- [EXERCISE INSTRUCTIONS] No pictures belong in the copy. Restate the rest of the data exactly.

::: DATA SECTION

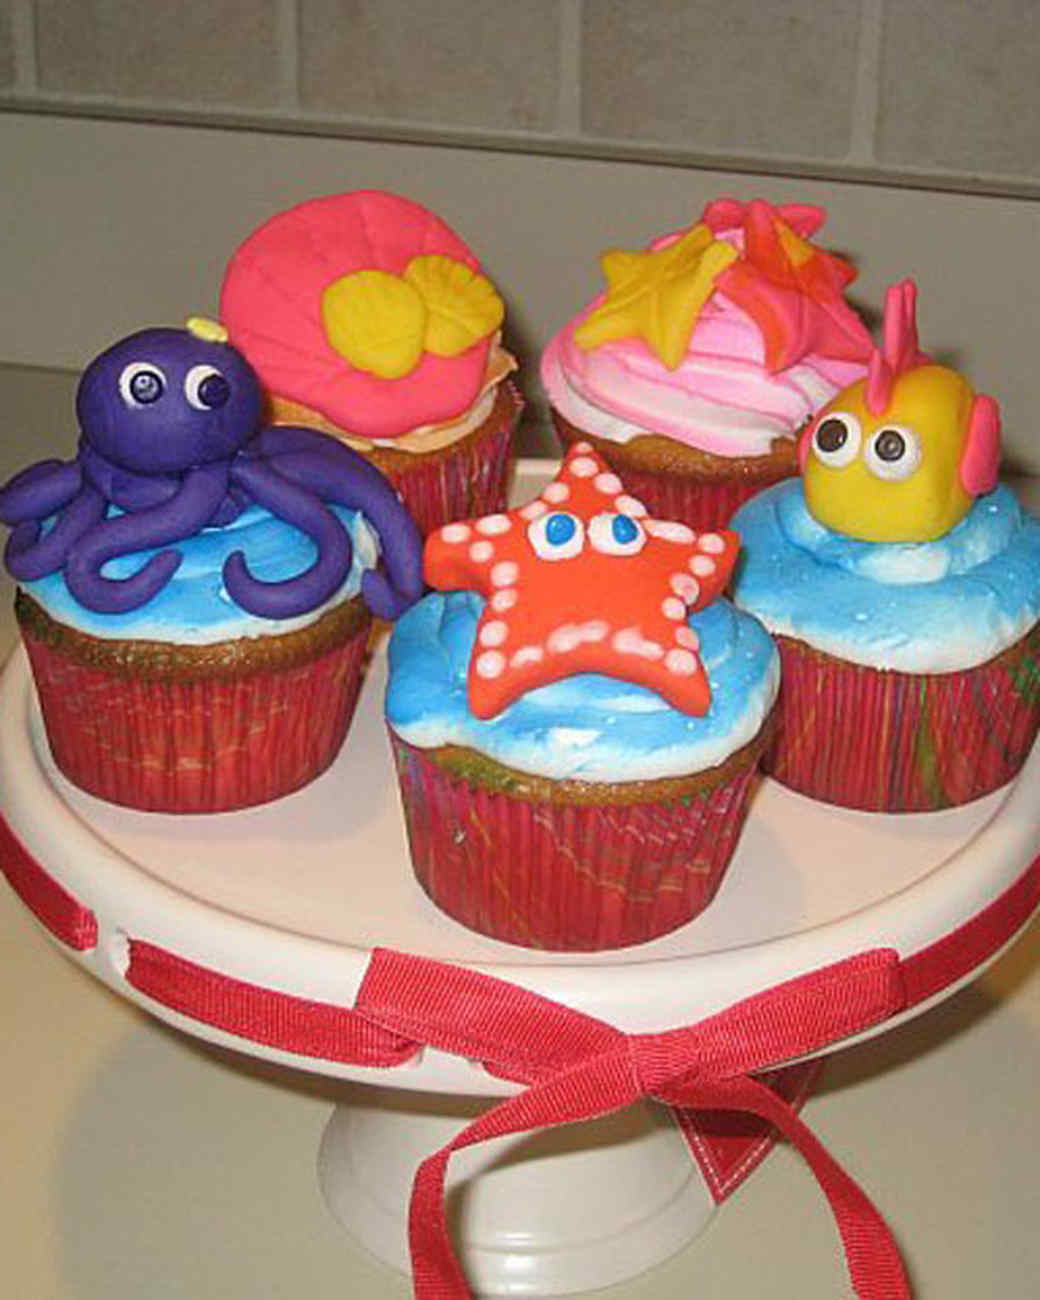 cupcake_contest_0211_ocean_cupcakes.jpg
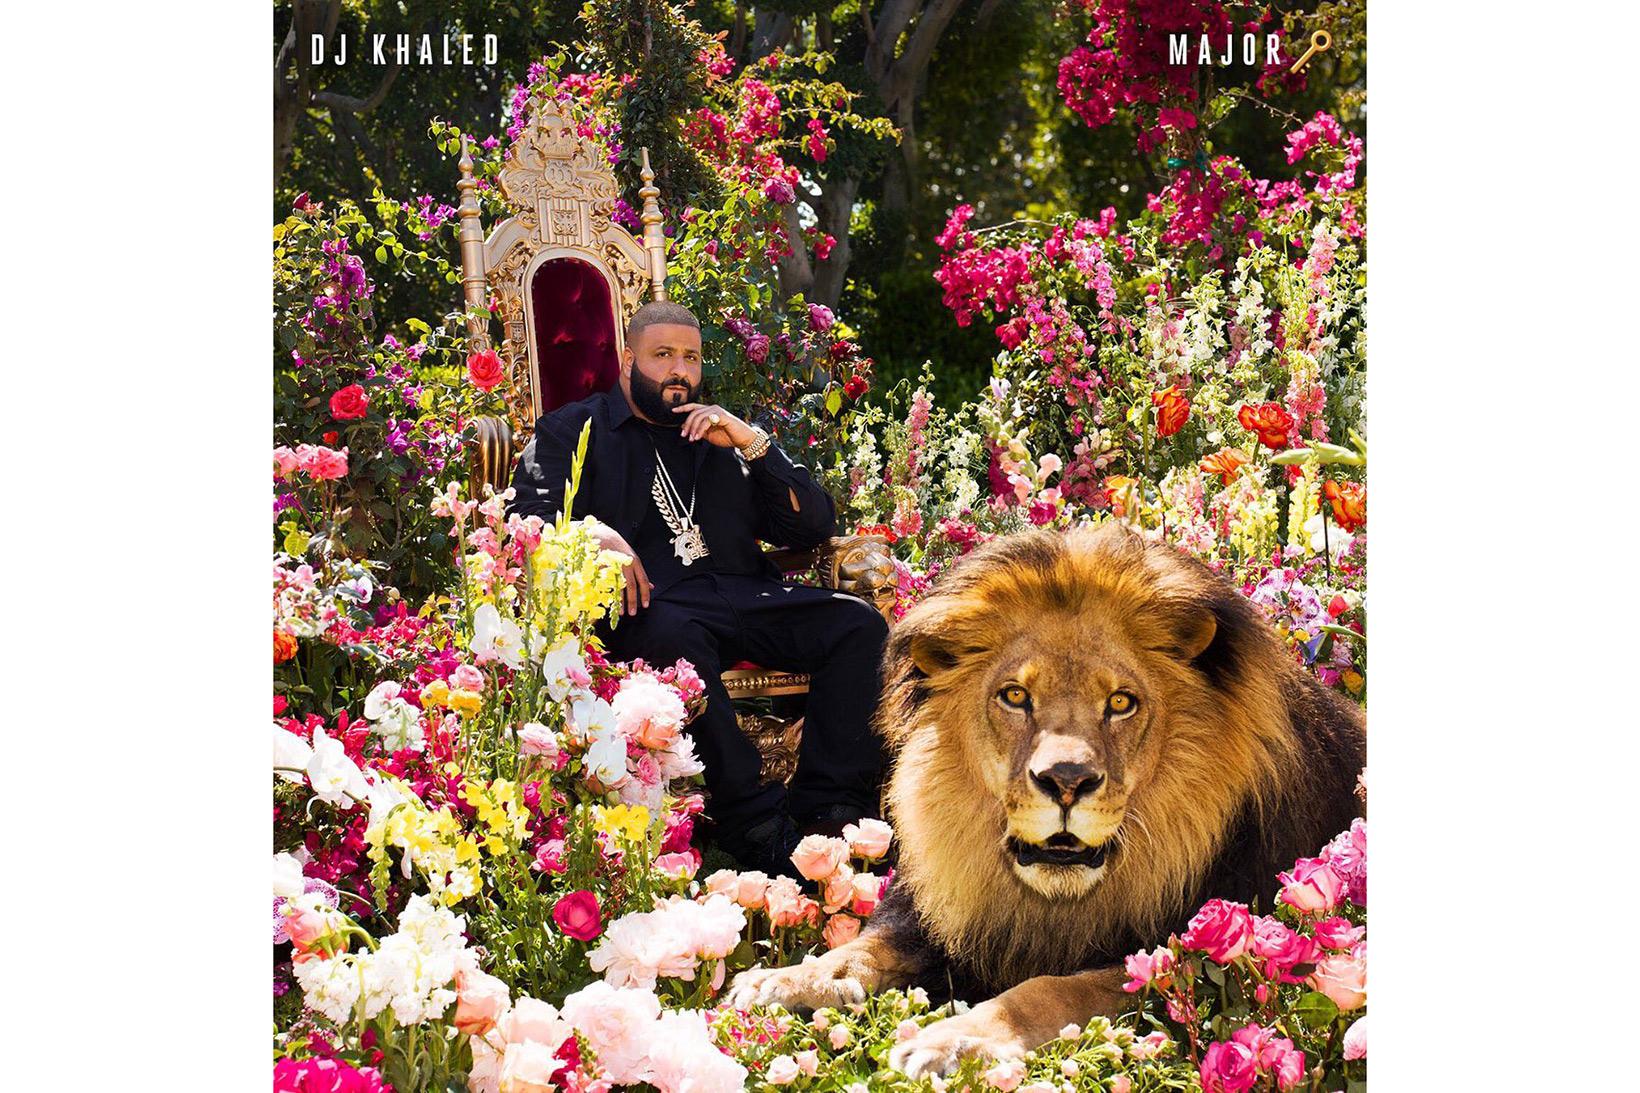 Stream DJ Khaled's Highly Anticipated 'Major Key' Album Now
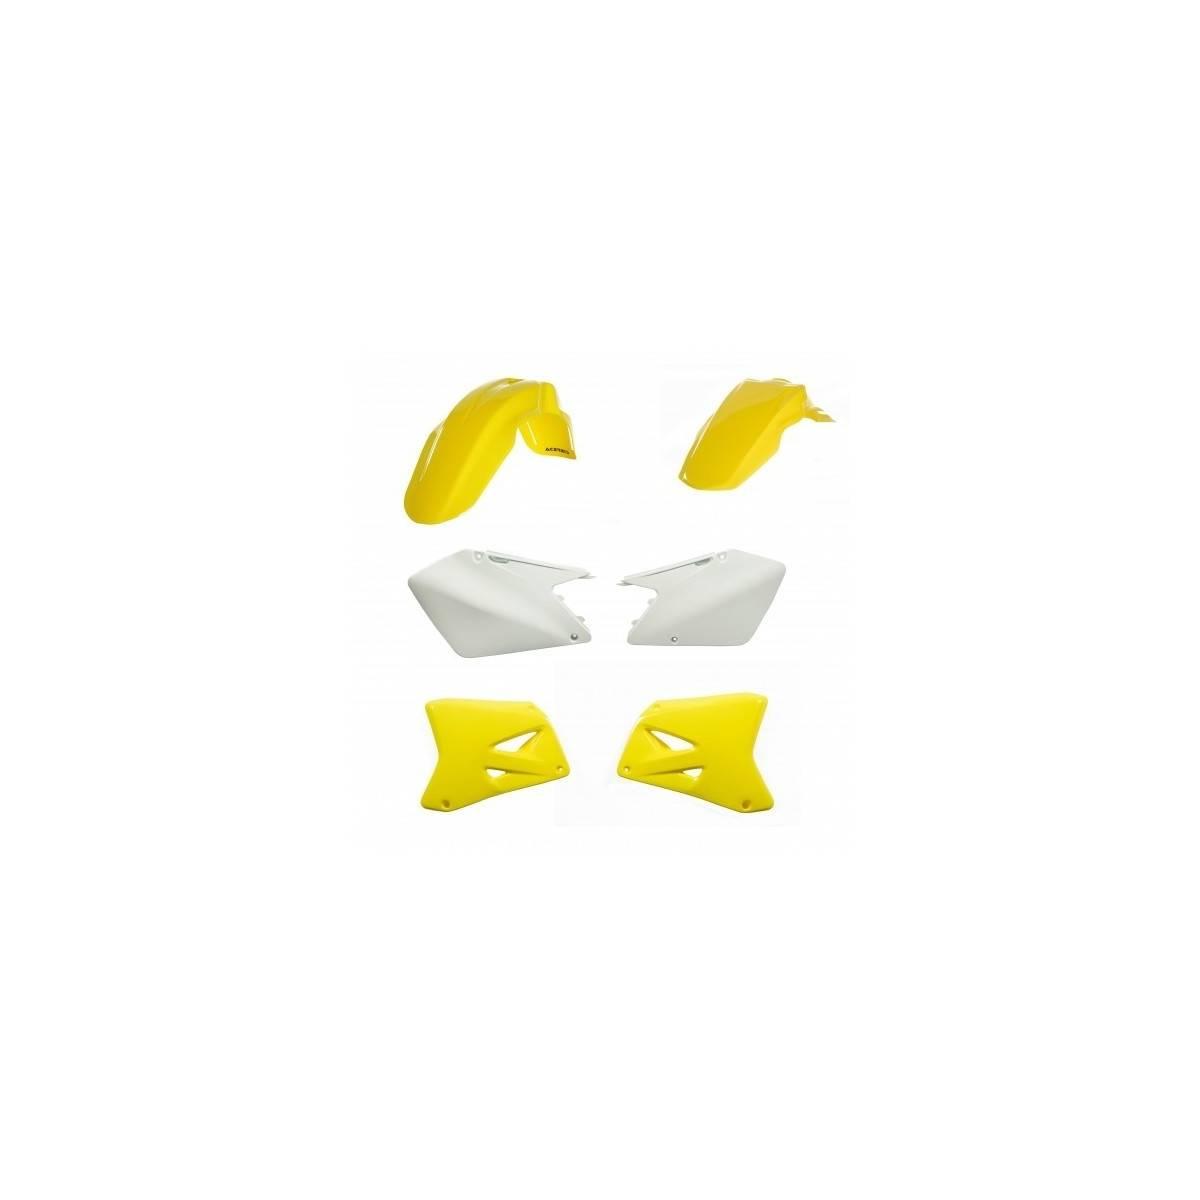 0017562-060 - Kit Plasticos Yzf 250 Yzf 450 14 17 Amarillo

::::::

- [TASK ANSWER]
 cupcake_contest_0211_ocean_cupcakes.jpg
 Stream DJ Khaled's Highly Anticipated 'Major Key' Album Now
 0017562-060 - Kit Plasticos Yzf 250 Yzf 450 14 17 Amarillo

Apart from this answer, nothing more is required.